DATA BELOW:
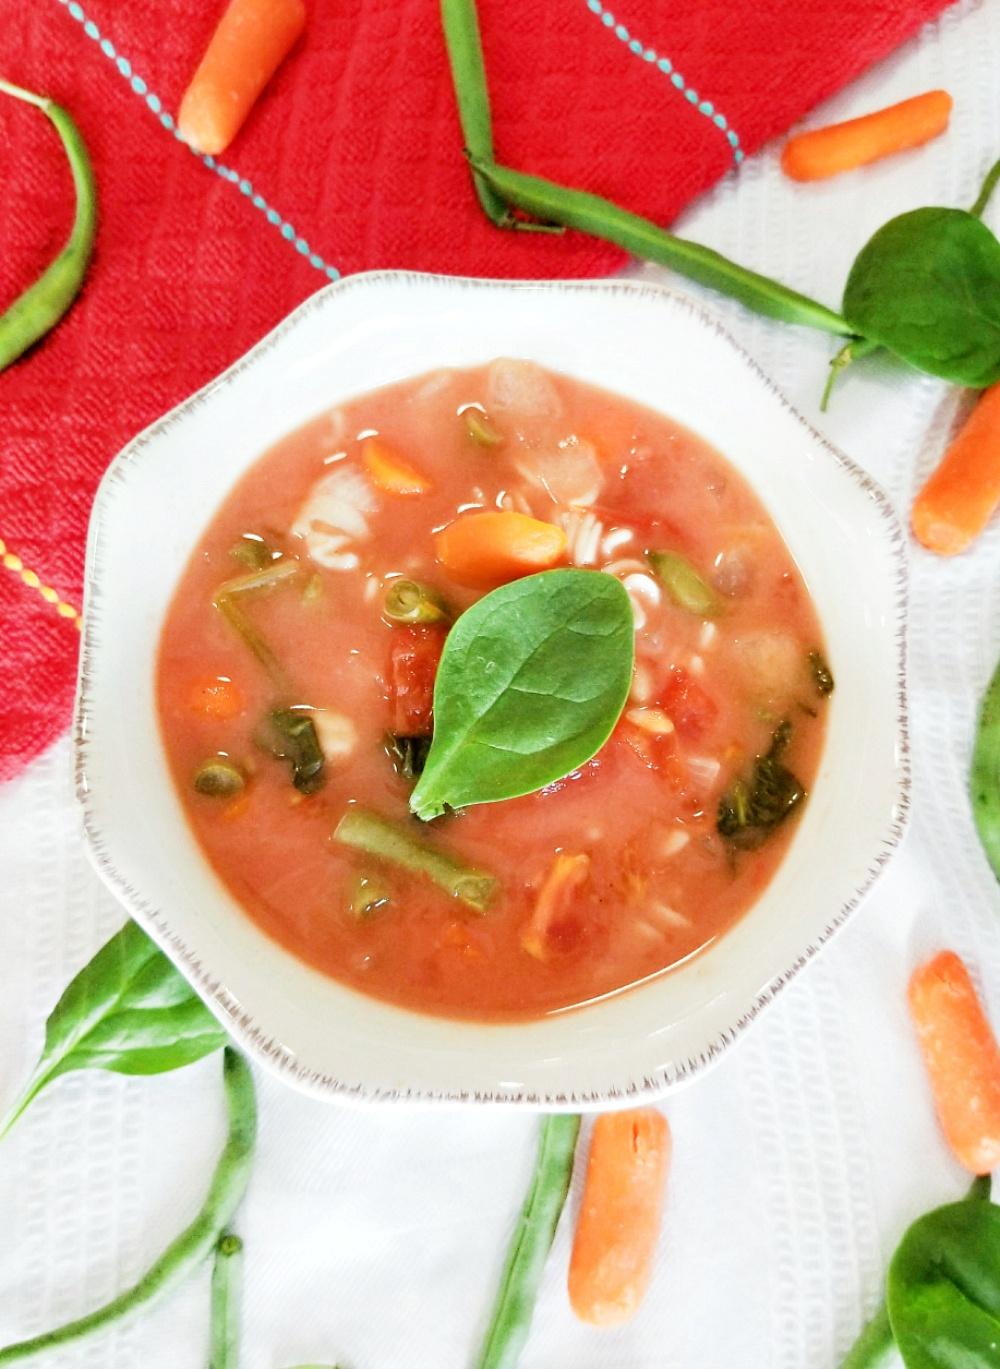 Best Slow Cooker Vegetable Soup
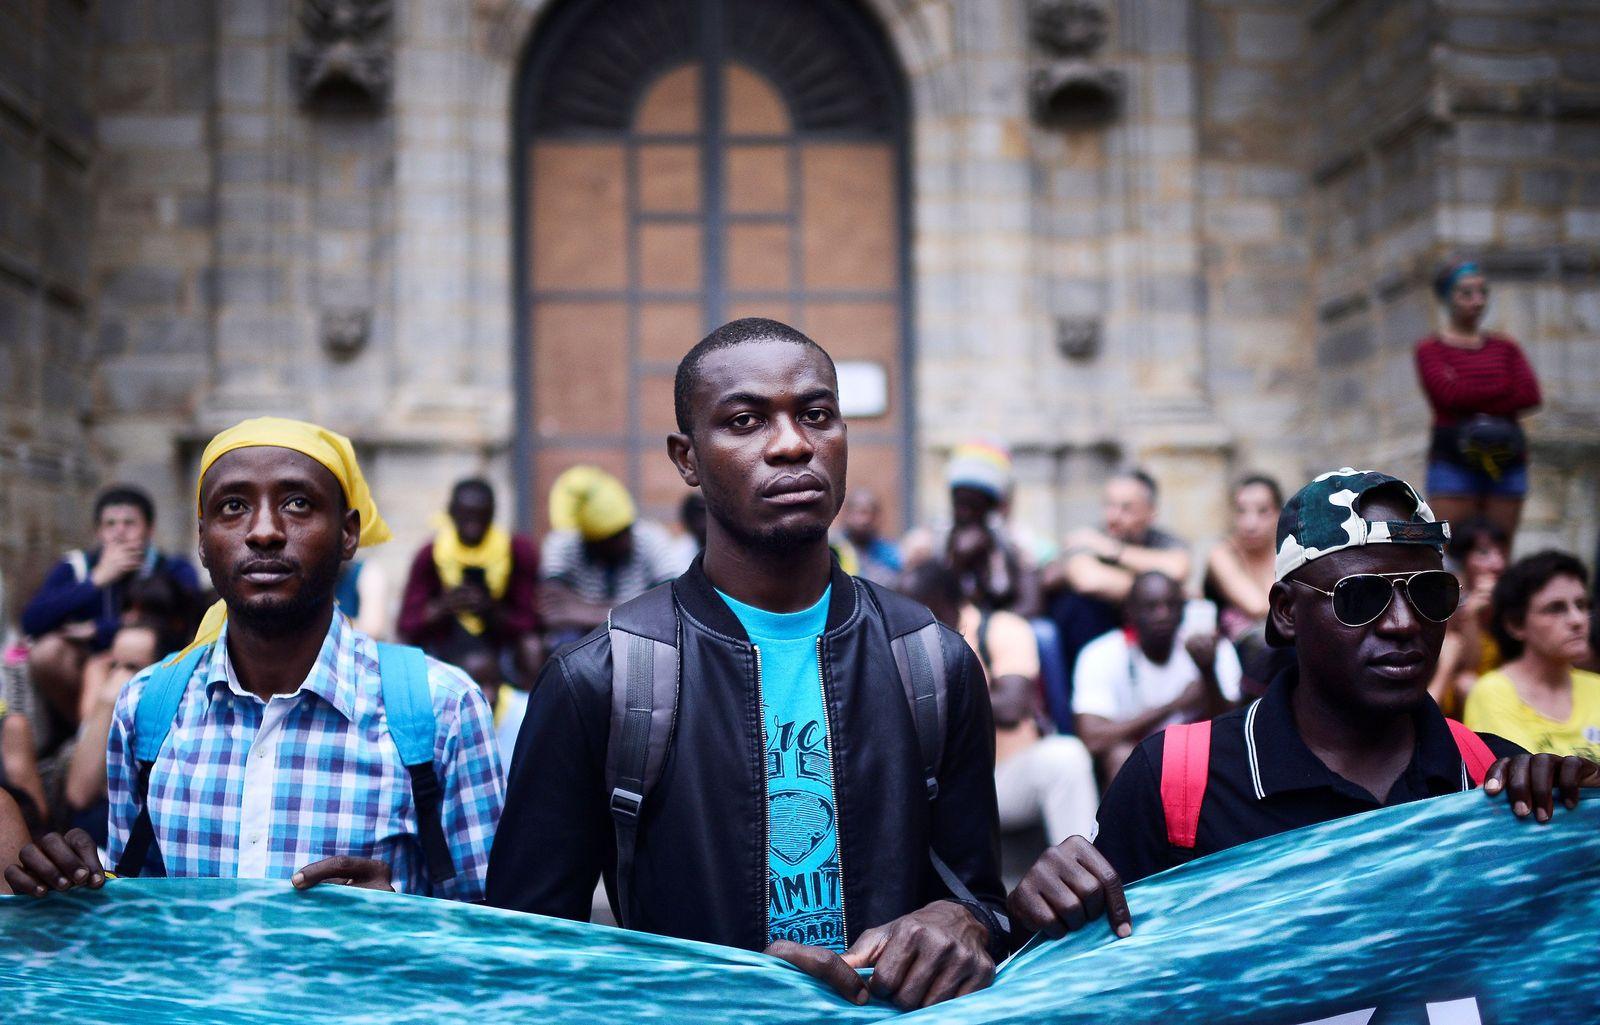 Spanien/ Flüchtlinge/ Bilbao
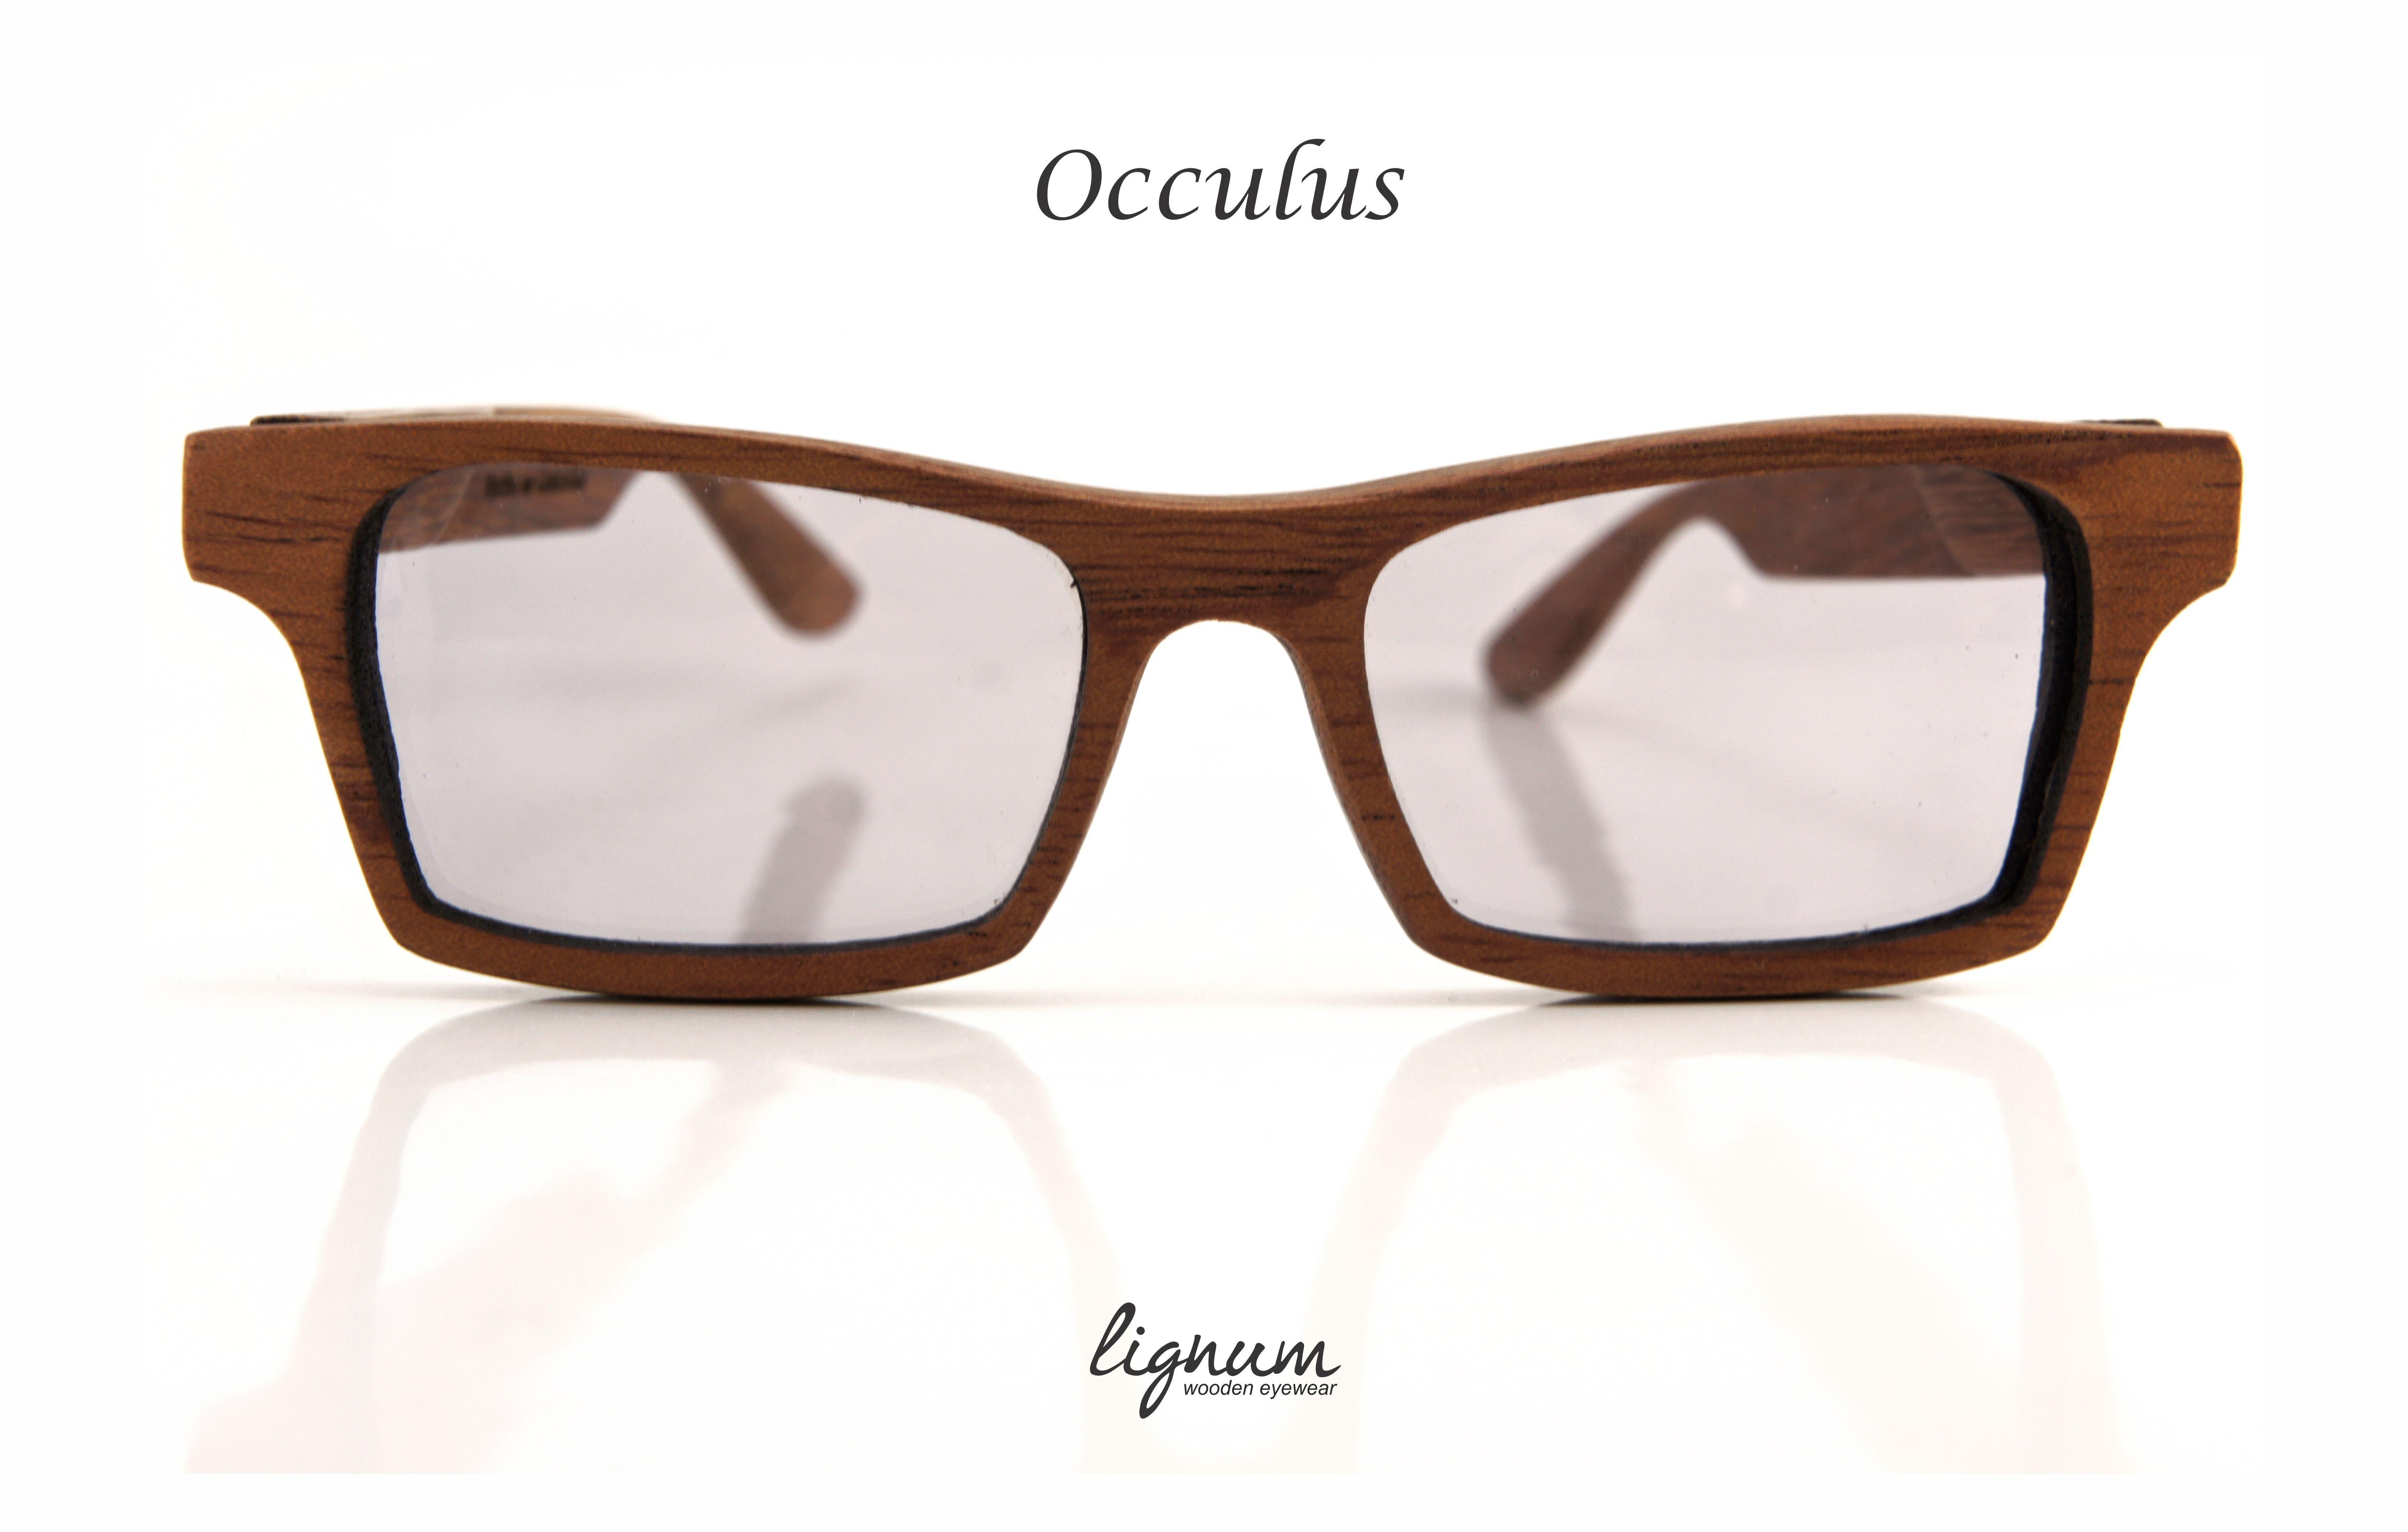 Occulus II Frames

DIRECTIONS FOR THIS TASK: When you repeat the data, keep every line exact and drop the images.

OUTPUT BELOW:
 Best Slow Cooker Vegetable Soup
 Spanien/ Flüchtlinge/ Bilbao
 Occulus II Frames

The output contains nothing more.